Billionaire Jim Rogers says that investors will have to short government bonds, soon, as the amount of federal debt issued is "staggering" and inflation risks are now emerging.
The CEO of Jim Rogers Holdings told CNBC that the low-rates policy promoted by central banks is soon going to deflate the bubble in government bonds.
"I was short long-term government bonds in the U.S., I had to cover a little loss because the head of the central bank said he was going to buy U.S. long-term bonds, and he's got more money than I do," Rogers said.
"I plan to sell short U.S. government long bonds sometime in the foreseeable future… I don't know when, whether it's this quarter or this year."
The recent rise in the dollar was probably caused by short-sellers covering their other bets. However, the trend was unlikely to last long-term, Rogers said.
"There are huge short positions in the dollar, everybody is trying to cover. I'm not selling my yen yet, but it's an artificial rally too. Government bonds may be the last bubble that is developing. I'm not short government bonds right now," Rogers said.
"I sold all of my sterling, I wouldn't buy sterling for the next 5 to 10 years. The same is happening to the U.S. economy, I'm not picking on the U.K.," Rogers added.
Rogers said he is buying commodities for one major reason. "I know we're going to have serious inflation down the road," Rogers said.

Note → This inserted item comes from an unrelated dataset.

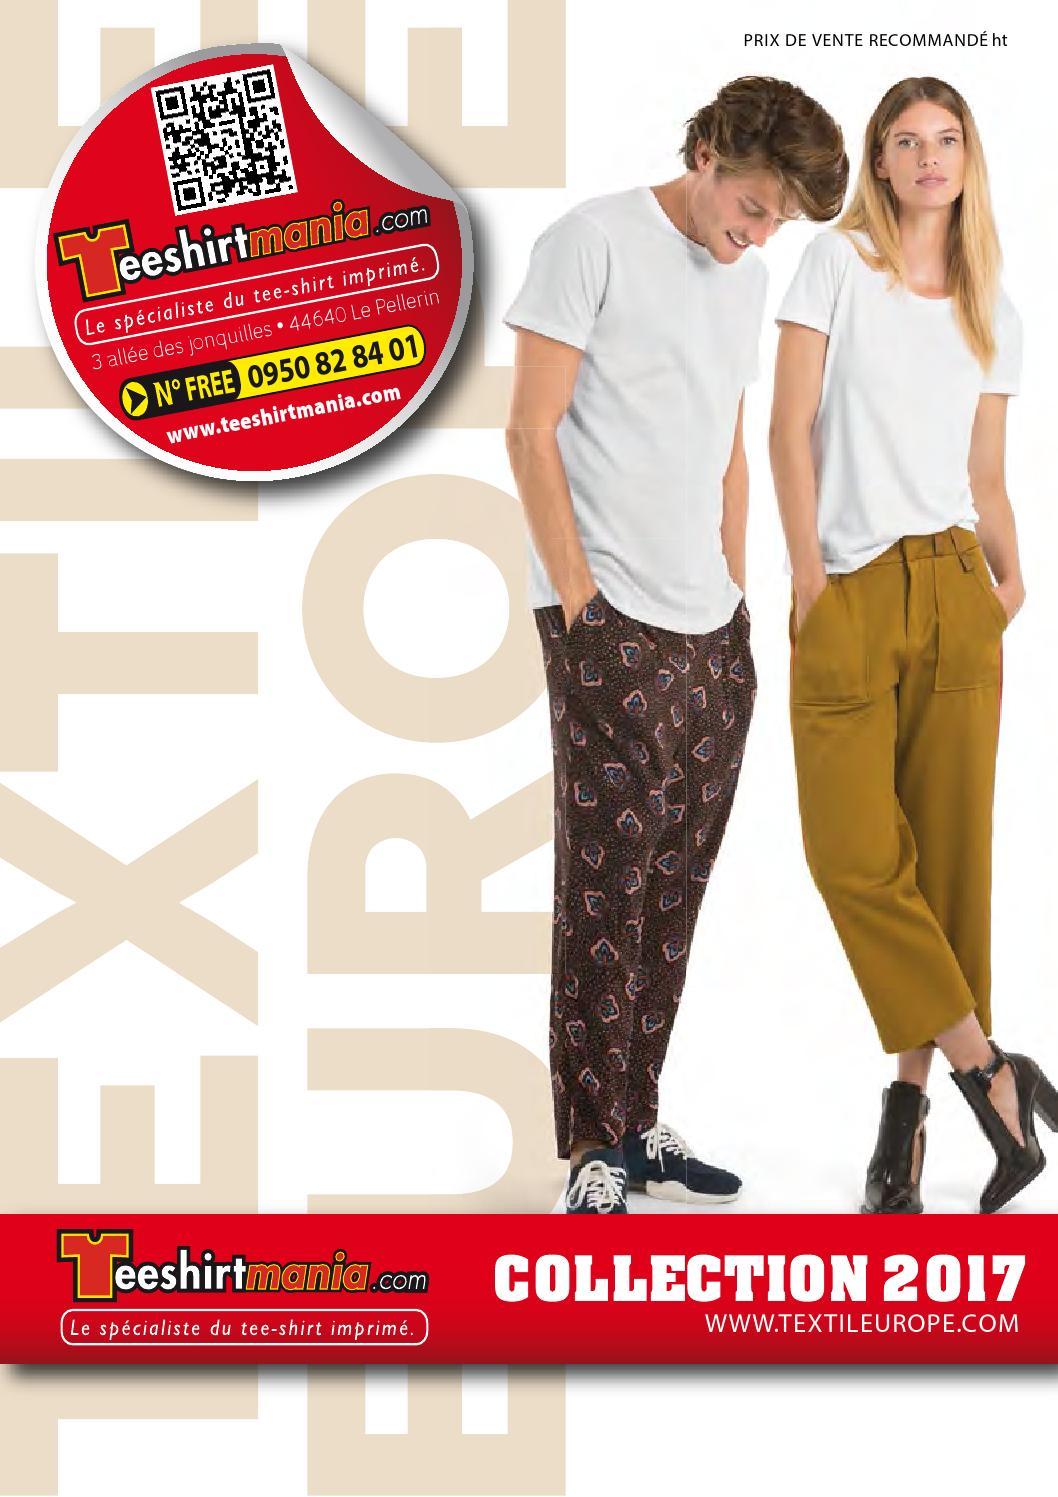 8654d6f024eeb Catalogue textile 2017 teeshirtmania web 499p by TEESHIRTMANIA.com - issuu

There is concern that the "stimulus bill" that just passed the U.S. Senate today will cause other economic problems.
"Whether we are talking about the original House bill, the original Senate bill, or the so-called compromise bill, the stimulus is based on the backward and discredited idea that the country can spend itself out of a recession," said Pat Toomey, president of the Club for Growth, in the National Review Online.
"It didn’t work for the United States during the Great Depression, it didn’t work for Japan during the 1990s, and it won’t work now.”